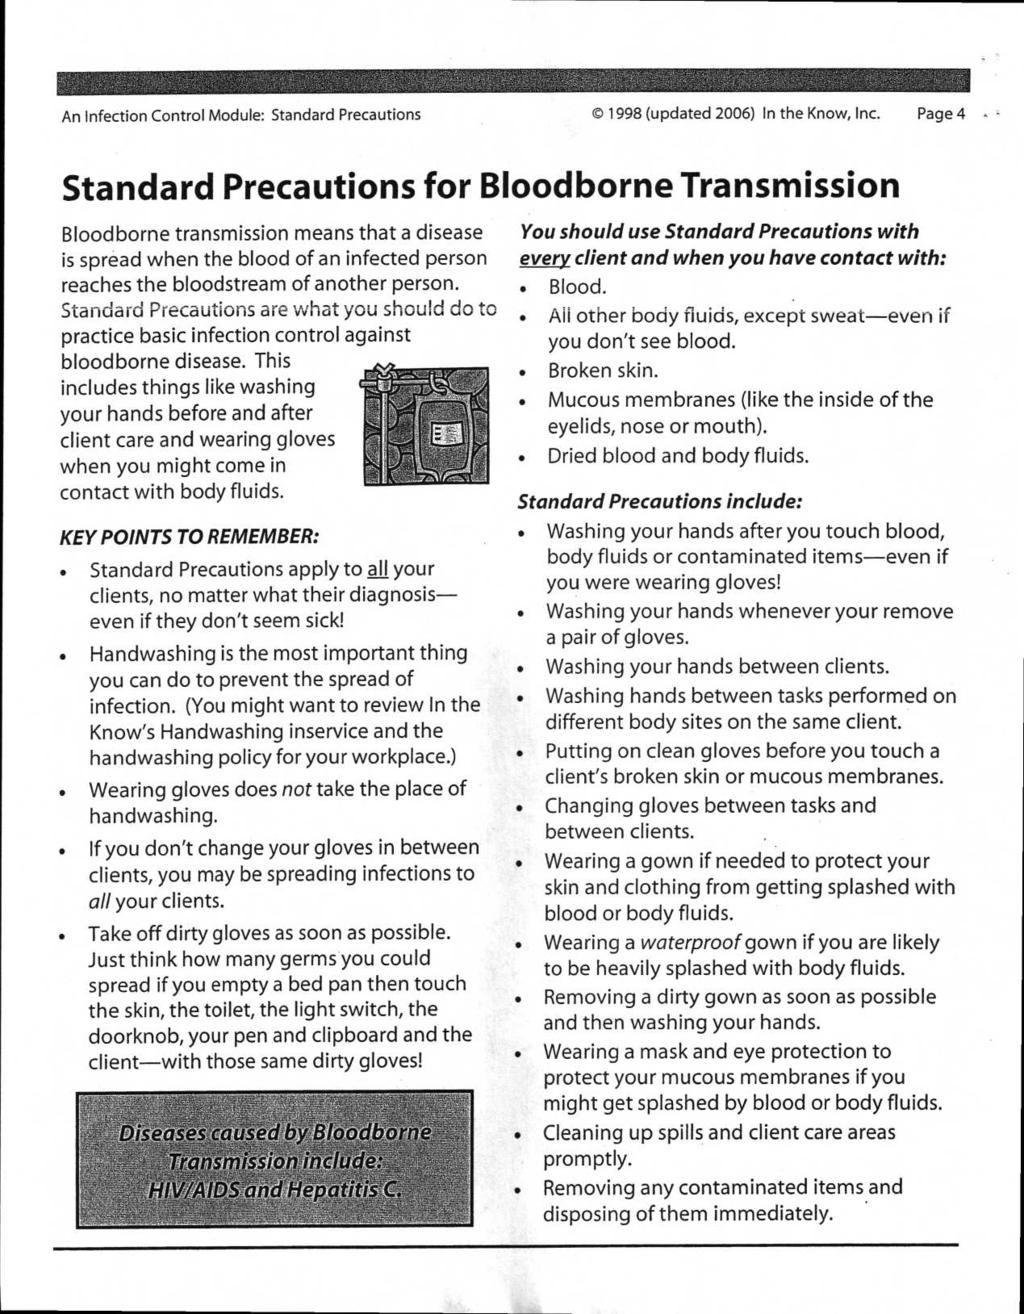 An Infection Control Module: Standard Precautions 1998 (updated 2006) In the Know, Inc.
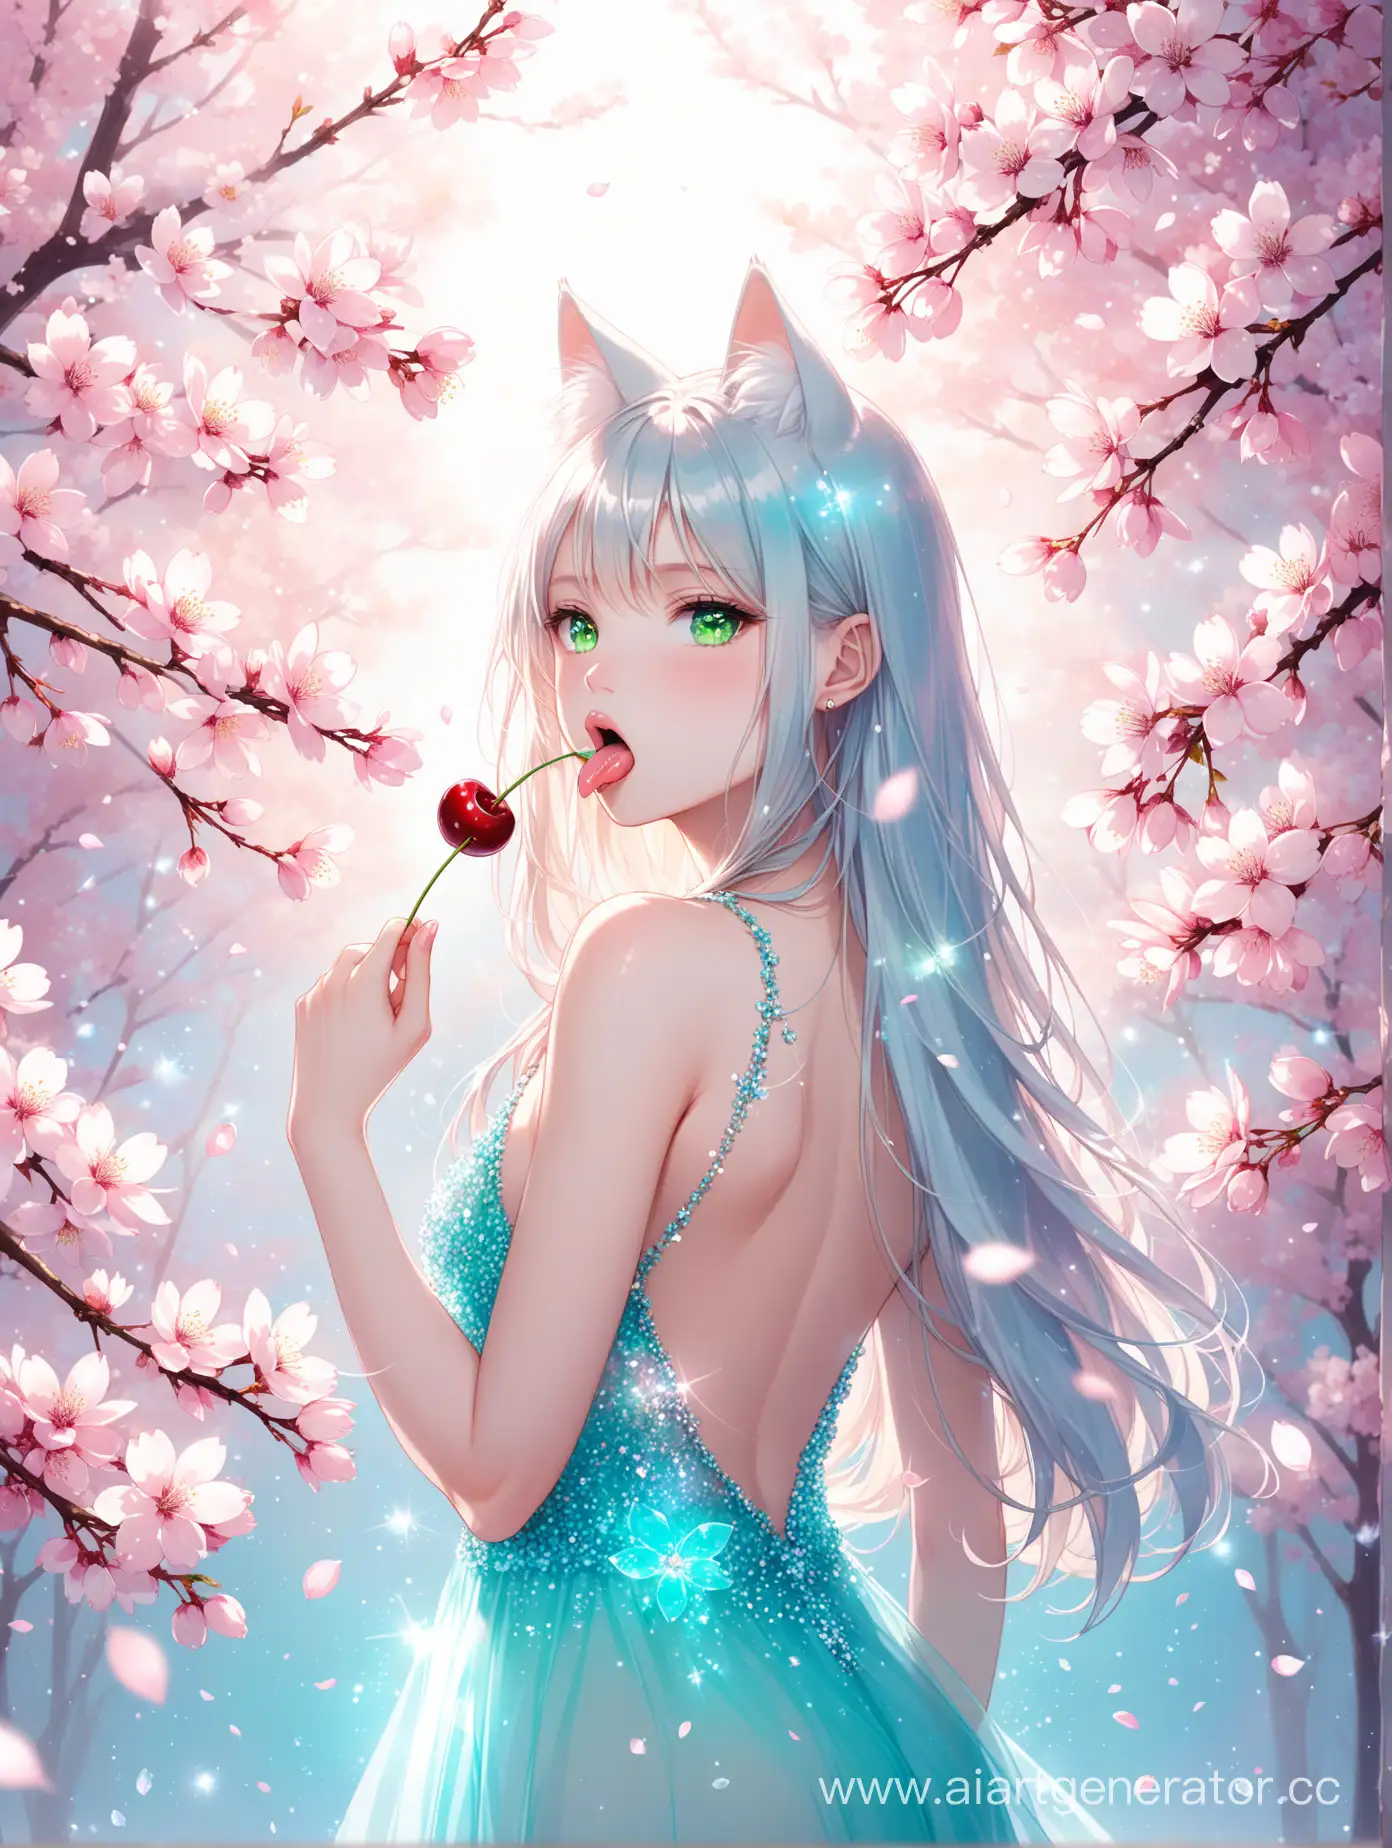 Playful-CatEared-Girl-with-Cherry-Blossom-Tongue-Art
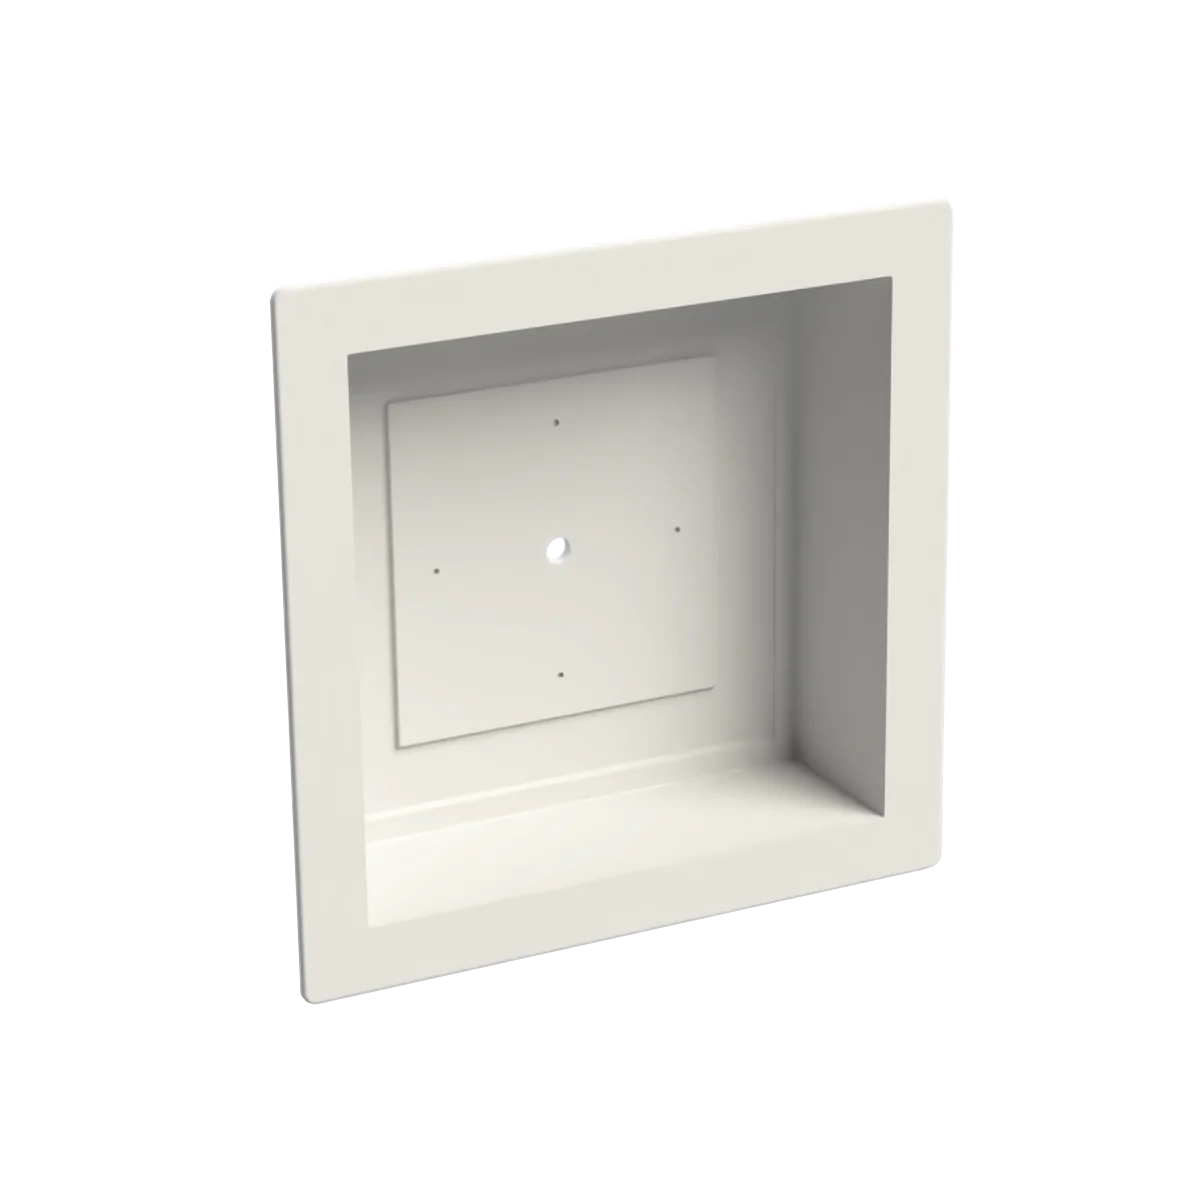 Fittes Framed Drywall Device Mount [Lite]
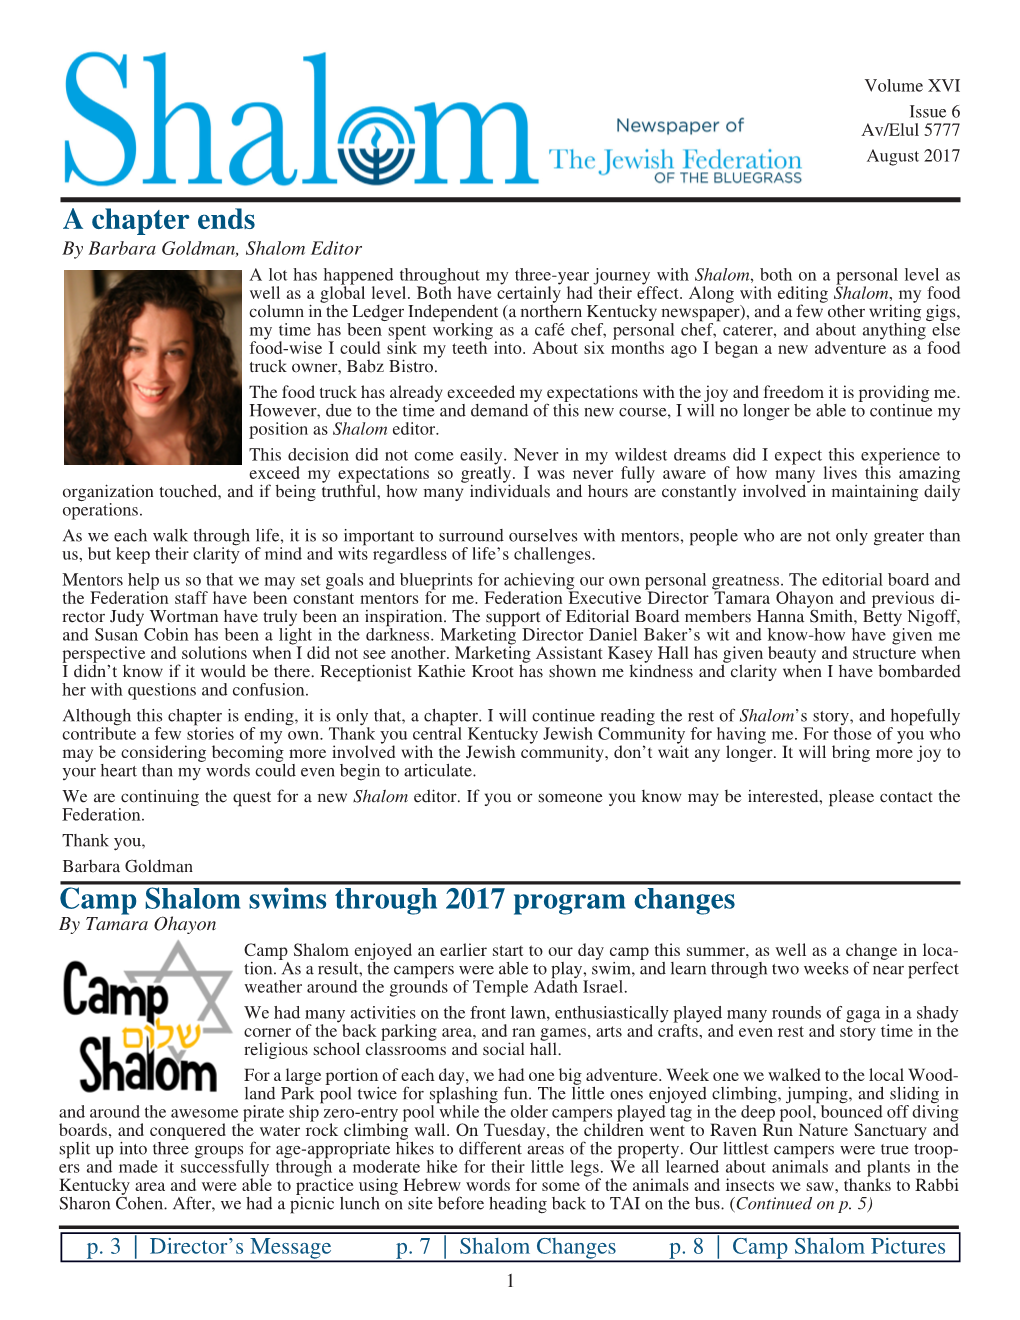 A Chapter Ends Camp Shalom Swims Through 2017 Program Changes

* WORK INSTRUCTION *
Once the pictures are removed, copy the listing exactly.

* RESPONSE AREA *
 An Infection Control Module: Standard Precautions 1998 (updated 2006) In the Know, Inc.
 Playful-CatEared-Girl-with-Cherry-Blossom-Tongue-Art
 Fittes Framed Drywall Device Mount [Lite]
 A Chapter Ends Camp Shalom Swims Through 2017 Program Changes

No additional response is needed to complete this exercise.